#### EXERCISE INPUT:
########################################

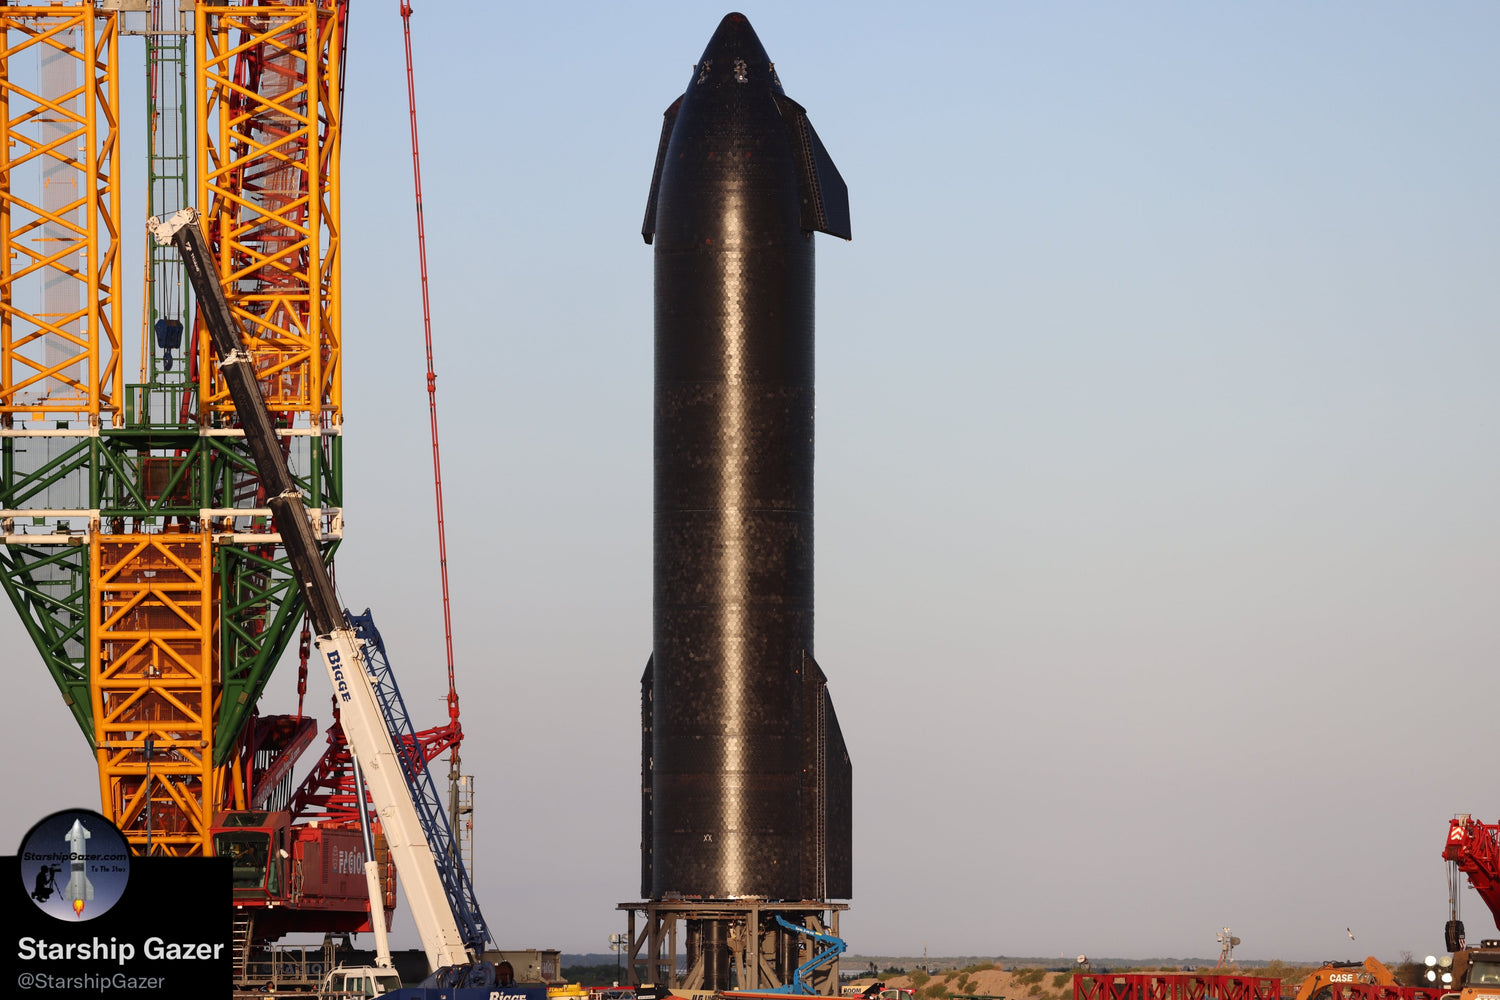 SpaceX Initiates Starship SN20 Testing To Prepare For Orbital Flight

########################################

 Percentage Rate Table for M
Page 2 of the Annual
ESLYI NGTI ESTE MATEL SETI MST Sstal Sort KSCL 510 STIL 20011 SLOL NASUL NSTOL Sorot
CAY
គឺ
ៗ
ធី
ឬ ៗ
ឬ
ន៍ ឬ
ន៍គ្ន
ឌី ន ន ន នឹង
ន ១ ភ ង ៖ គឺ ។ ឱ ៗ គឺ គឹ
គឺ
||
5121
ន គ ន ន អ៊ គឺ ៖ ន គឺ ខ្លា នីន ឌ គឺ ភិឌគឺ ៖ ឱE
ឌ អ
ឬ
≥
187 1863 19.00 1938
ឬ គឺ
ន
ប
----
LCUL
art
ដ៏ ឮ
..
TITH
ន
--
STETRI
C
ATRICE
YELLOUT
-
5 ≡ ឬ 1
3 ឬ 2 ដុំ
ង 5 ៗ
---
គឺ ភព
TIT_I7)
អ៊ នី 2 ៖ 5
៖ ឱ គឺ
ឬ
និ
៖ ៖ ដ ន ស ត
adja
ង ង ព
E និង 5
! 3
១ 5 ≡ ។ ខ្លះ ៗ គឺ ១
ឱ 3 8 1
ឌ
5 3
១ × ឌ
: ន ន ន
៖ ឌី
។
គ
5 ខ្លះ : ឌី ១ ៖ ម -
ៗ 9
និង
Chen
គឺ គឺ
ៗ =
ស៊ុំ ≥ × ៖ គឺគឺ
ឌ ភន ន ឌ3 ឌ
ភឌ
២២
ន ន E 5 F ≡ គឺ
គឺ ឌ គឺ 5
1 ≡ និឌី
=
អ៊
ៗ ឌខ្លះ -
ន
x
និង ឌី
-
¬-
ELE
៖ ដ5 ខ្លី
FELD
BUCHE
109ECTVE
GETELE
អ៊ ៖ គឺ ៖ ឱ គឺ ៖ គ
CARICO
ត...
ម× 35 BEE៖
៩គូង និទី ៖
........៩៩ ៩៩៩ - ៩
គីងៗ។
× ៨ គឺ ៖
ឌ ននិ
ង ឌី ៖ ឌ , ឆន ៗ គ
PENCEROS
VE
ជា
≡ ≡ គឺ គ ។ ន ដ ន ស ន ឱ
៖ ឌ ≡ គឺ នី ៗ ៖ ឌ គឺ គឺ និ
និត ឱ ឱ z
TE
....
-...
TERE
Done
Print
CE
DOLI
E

########################################

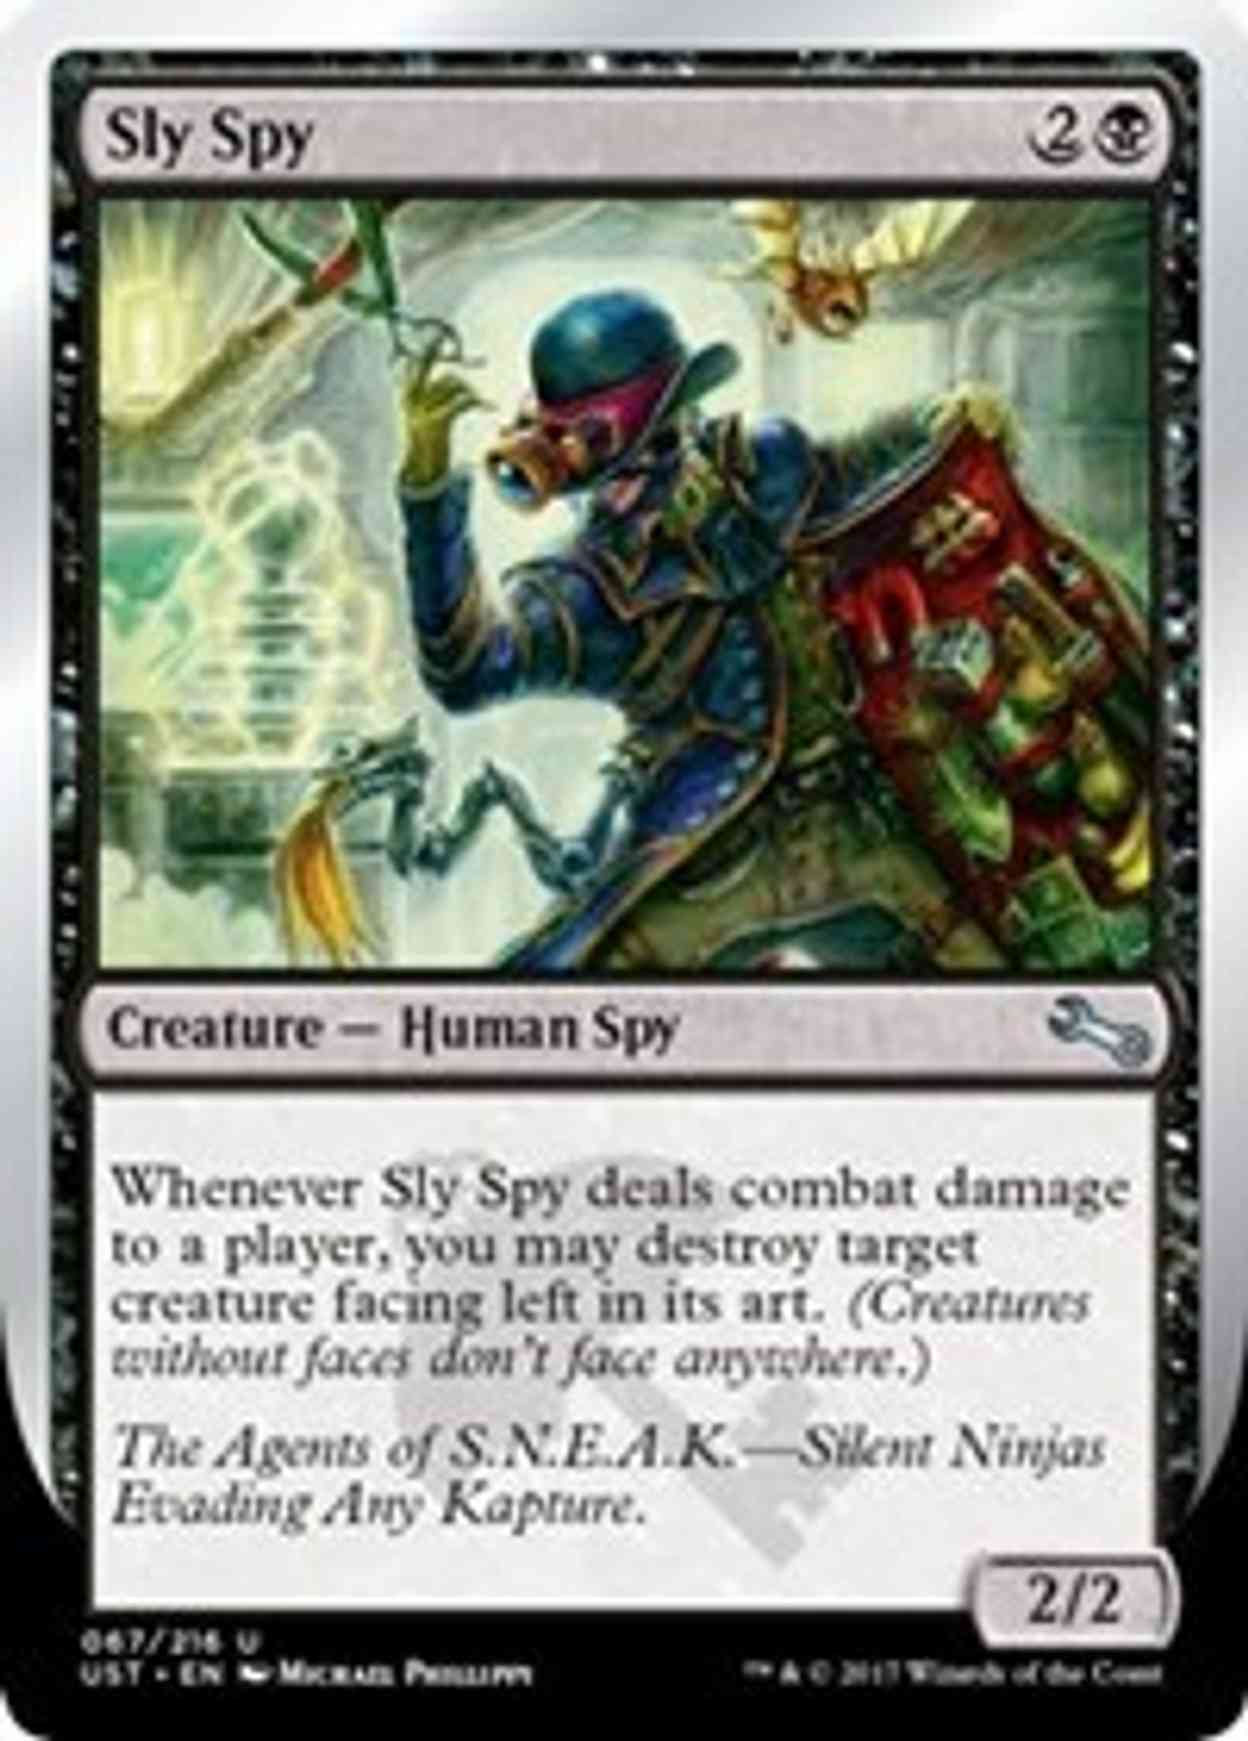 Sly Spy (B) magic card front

########################################

#### PROBLEM DESCRIPTION:
In the listing above, find the line with "187 1863 19.00 1938" and the line with "៩គូង និទី ៖", then print exactly those two lines and every line between them, and nothing more.

#### OUTPUT OF THE EXERCISE:
187 1863 19.00 1938
ឬ គឺ
ន
ប
----
LCUL
art
ដ៏ ឮ
..
TITH
ន
--
STETRI
C
ATRICE
YELLOUT
-
5 ≡ ឬ 1
3 ឬ 2 ដុំ
ង 5 ៗ
---
គឺ ភព
TIT_I7)
អ៊ នី 2 ៖ 5
៖ ឱ គឺ
ឬ
និ
៖ ៖ ដ ន ស ត
adja
ង ង ព
E និង 5
! 3
១ 5 ≡ ។ ខ្លះ ៗ គឺ ១
ឱ 3 8 1
ឌ
5 3
១ × ឌ
: ន ន ន
៖ ឌី
។
គ
5 ខ្លះ : ឌី ១ ៖ ម -
ៗ 9
និង
Chen
គឺ គឺ
ៗ =
ស៊ុំ ≥ × ៖ គឺគឺ
ឌ ភន ន ឌ3 ឌ
ភឌ
២២
ន ន E 5 F ≡ គឺ
គឺ ឌ គឺ 5
1 ≡ និឌី
=
អ៊
ៗ ឌខ្លះ -
ន
x
និង ឌី
-
¬-
ELE
៖ ដ5 ខ្លី
FELD
BUCHE
109ECTVE
GETELE
អ៊ ៖ គឺ ៖ ឱ គឺ ៖ គ
CARICO
ត...
ម× 35 BEE៖
៩គូង និទី ៖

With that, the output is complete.